I assume the following property because I don't want to prove it but I'm sure it's true.

**Proposition** (antisubstitution):
1. If N ∈ SN and M{x ↦ N} ∈ SN then M ∈ SN.
2. If N ∈ SN and M{x ↦ N} ∈ SNe then M ∈ SN.
3. If M{x ↦ N} ⇝ M' and M' ∈ SN then M ∈ SN.

Because these are inductive definitions, we will need some lemmas
for properties that formerly held by definition, namely inversion and congruence.

**Lemma** (Inv-App): If (M N) ∈ SN then M ∈ SN.
**Proof**: By induction on SN.
There are two possible cases:
* Case SN-SNe. We have (M N) ∈ SNe, and we wish to show M ∈ SN.
  By inversion on neutrals, the only possible case is SNe-App,
  where M ∈ SNe. Then M ∈ SN by SN-SNe.
* Case SN-Red. We have (M N) ⇝ N' ∈ SN, and we wish to show M ∈ SN.
  By inversion on the reduction, there are two possible cases.
    * Case Red-β. We have M = (λx. M'), N ∈ SN, and N' = M'{x ↦ N}.
	  By antisubstitution, M' ∈ SN, so (λx. M') ∈ SN.
    * Case Red-App. We have M N ⇝ M' N = N' ∈ SN and M ⇝ M'.
	  By the induction hypothesis, M' ∈ SN. By SN-Red, M ∈ SN.

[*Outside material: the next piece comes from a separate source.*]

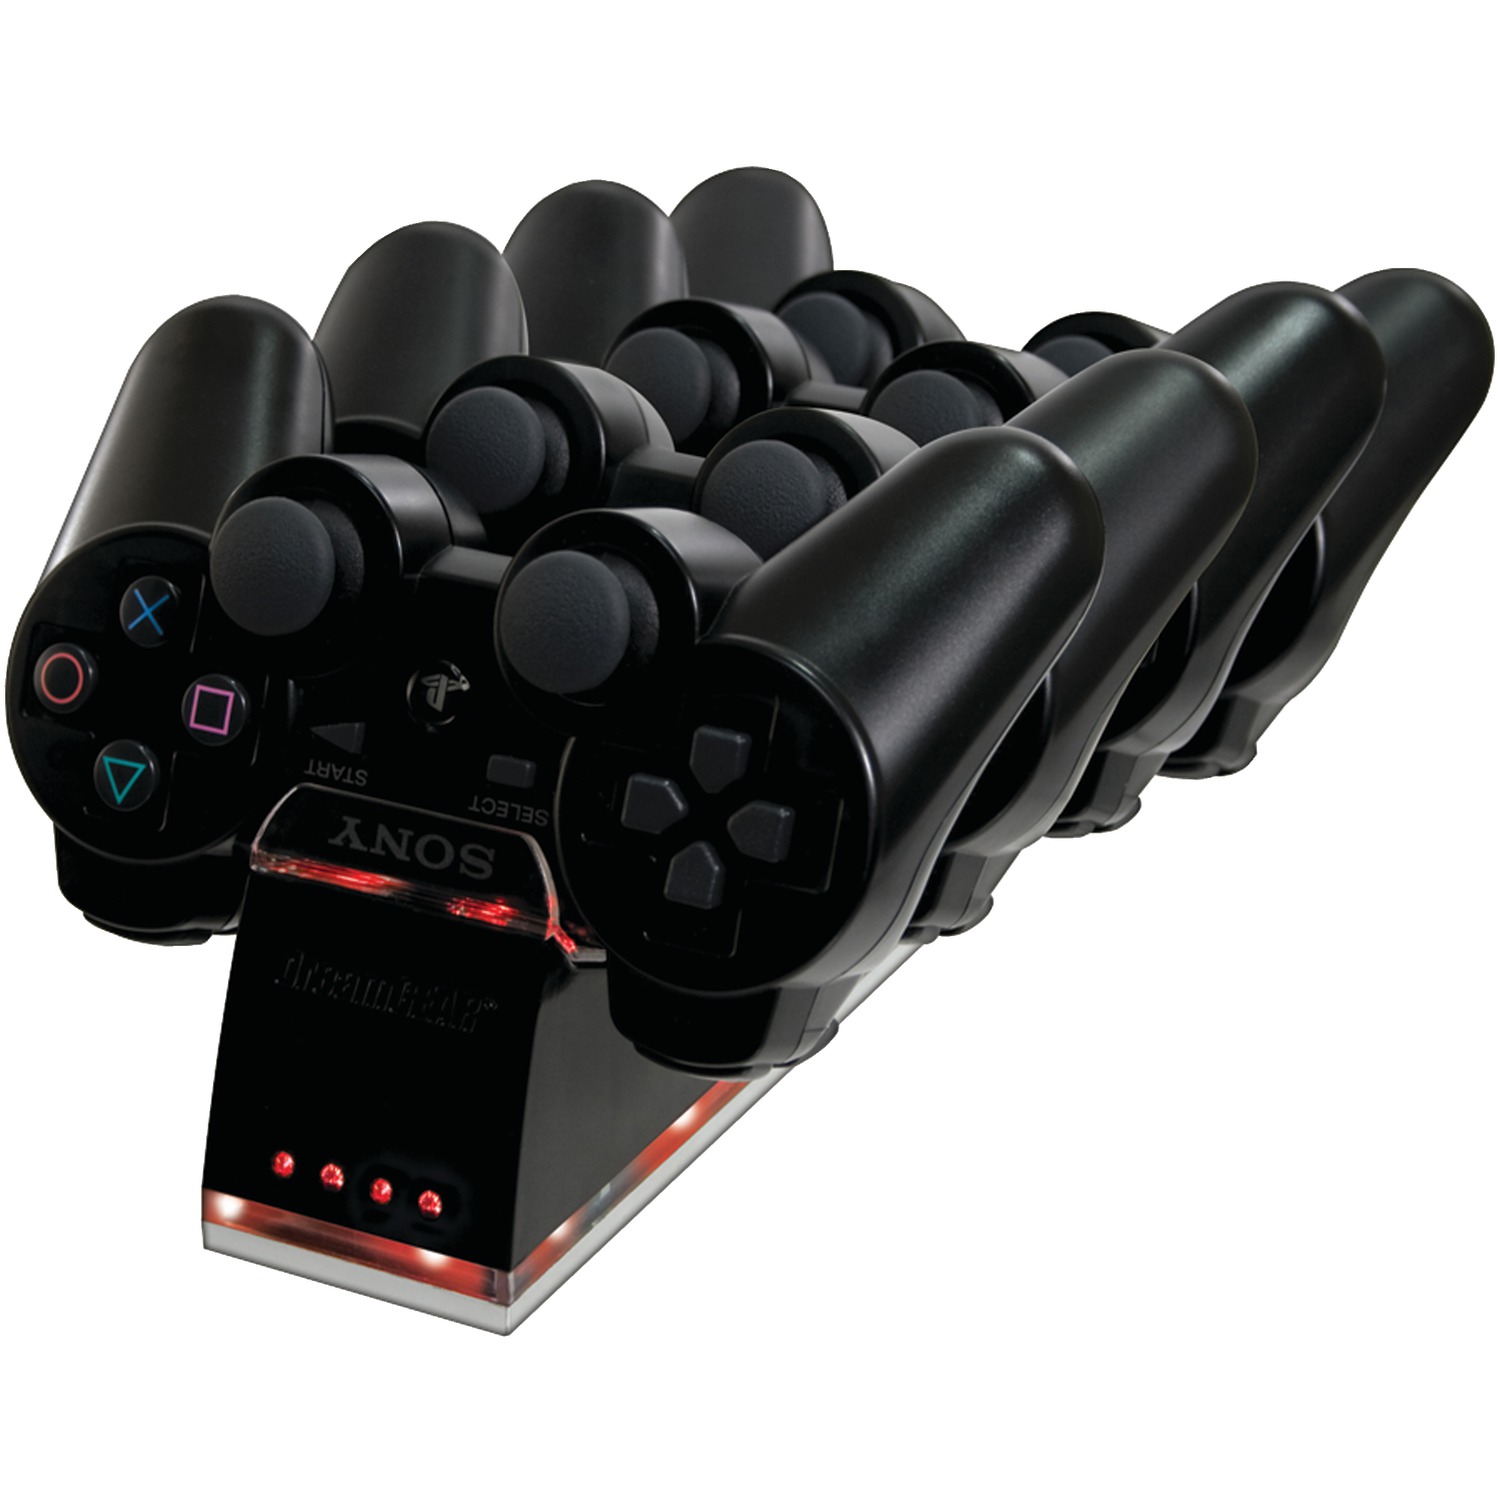 dreamGEAR Quad Dock - Charging stand + AC power adapter - 4 output connectors - black - for Sony DualShock 3; SIXAXIS - image 2 of 5
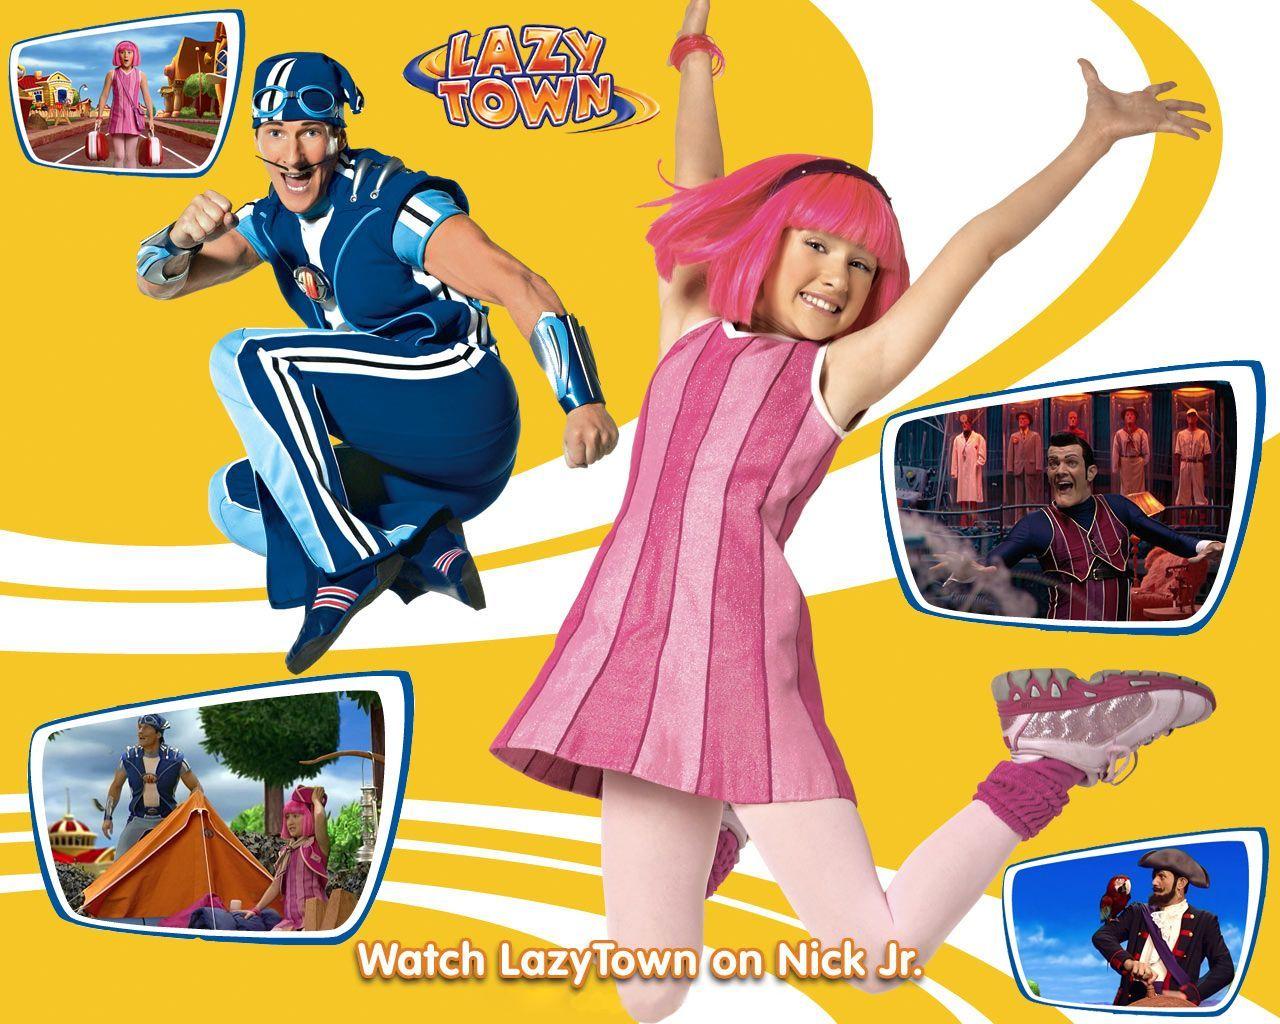 Nickelodeon Shows. Home ›› Lazy Town Wallpaper ›› Lazy Town Nick

**Lemma** (Reds-If): If M ⇝* M' then (if M then N₁ else N₂) ⇝* (if M' then N₁ else N₂).
**Proof**: By induction on the reflexive, transitive closure of reduction,
using Red-If and the induction hypothesis in the transitive case.

**Lemma** (Reds-App): If M ⇝* M' then M N ⇝* M' N.
**Proof**: By induction on the reflexive, transitive closure of reduction,
using Red-App and the induction hypothesis in the transitive case.

## Reducibility candidates

Their definition of reducibility candidates (CR) then captures the same properties SAT did,
namely backward closure under head reduction,
and that SATs/CRs are squeezed between neutrals and normals.

**Definition**: A set R is a reducibility candidate (R ∈ CR) when the following hold:
1. R ⊆ SN;
2. If M ⇝ M' and M' ∈ R then M ∈ R; and
3. SNe ⊆ R.
I refer to these as CR1, CR2, and CR3.

We can prove the same lemmas for CR as we did for SAT,
with an additional backward closure under the reflexive, transitive closure of reduction.

**Lemma 0** (CR2*): Let R ∈ CR. If M ⇝* M' and M' ∈ R then M ∈ R.
**Proof**: By induction on the reflexive, transitive closure of reduction,
using CR2 and the induction hypothesis in the transitive case.

**Lemma 1**: SN ∈ CR.
**Proof**: CR1 holds trivially, CR2 holds by SN-Red, and CR3 holds by SN-SNe.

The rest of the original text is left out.